A New York Times Book Review Notable Book of 2017

Named one of the best books of the year by NPR, The Economist, Smithsonian, Nature, and NPR's Science Friday

Nominated for the PEN/E.O. Wilson Literary Science Writing Award

"A joy to read.” —The Wall Street Journal

In the mid-nineteenth century, the Harvard College Observatory began employing women as calculators, or “human computers,” to interpret the observations their male counterparts made via telescope each night. At the outset this group included the wives, sisters, and daughters of the resident astronomers, but soon the female corps included graduates of the new women's colleges—Vassar, Wellesley, and Smith.
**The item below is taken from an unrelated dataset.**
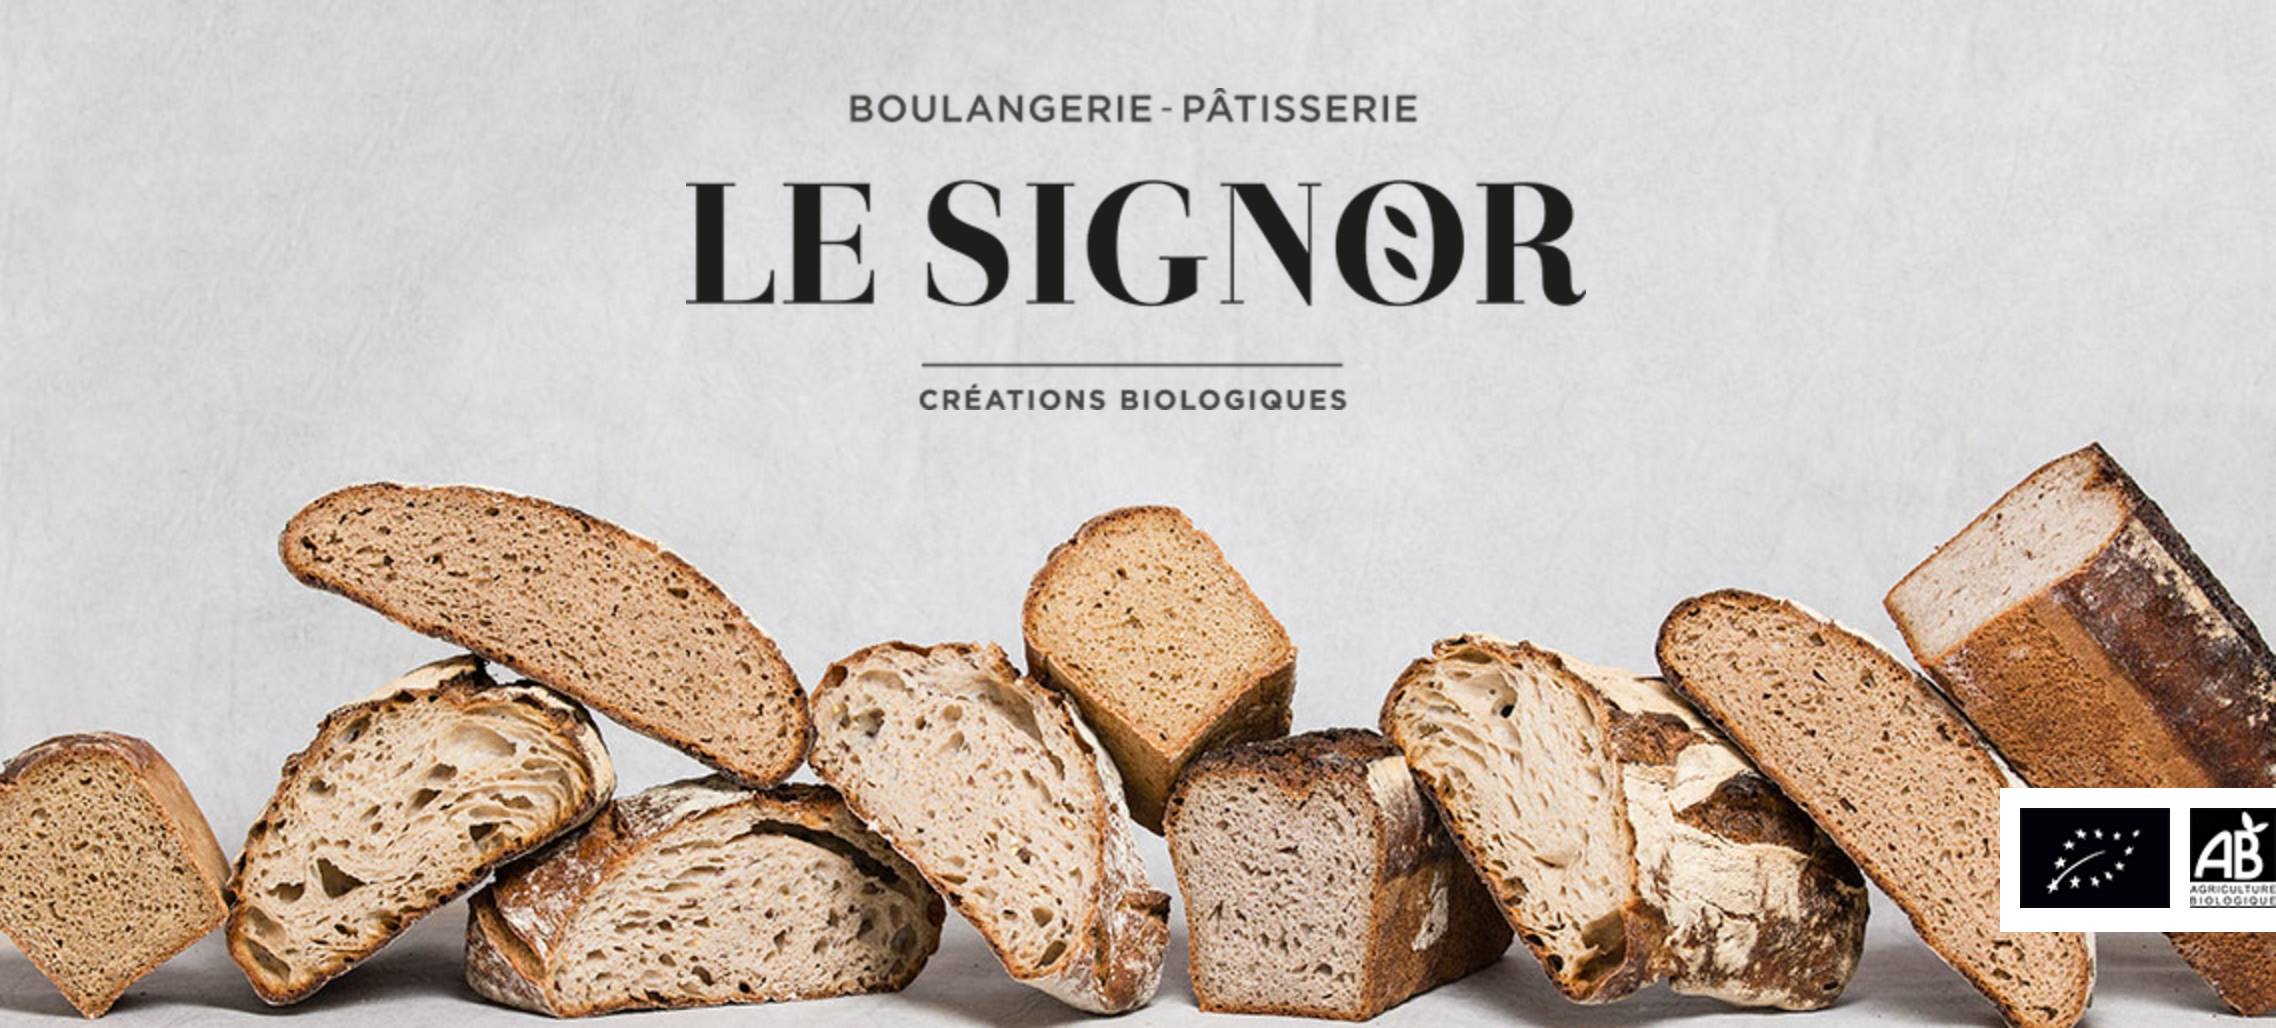 Boulangerie Le Signor.jpg

As photography transformed the practice of astronomy, the ladies turned from computation to studying the stars captured nightly on glass photographic plates.

The “glass universe” of half a million plates that Harvard amassed over the ensuing decades—through the generous support of Mrs. Anna Palmer Draper, the widow of a pioneer in stellar photography—enabled the women to make extraordinary discoveries that attracted worldwide acclaim. They helped discern what stars were made of, divided the stars into meaningful categories for further research, and found a way to measure distances across space by starlight. Their ranks included Williamina Fleming, a Scottish woman originally hired as a maid who went on to identify ten novae and more than three hundred variable stars; Annie Jump Cannon, who designed a stellar classification system that was adopted by astronomers the world over and is still in use; and Dr. Cecilia Helena Payne, who in 1956 became the first ever woman professor of astronomy at Harvard—and Harvard’s first female department chair.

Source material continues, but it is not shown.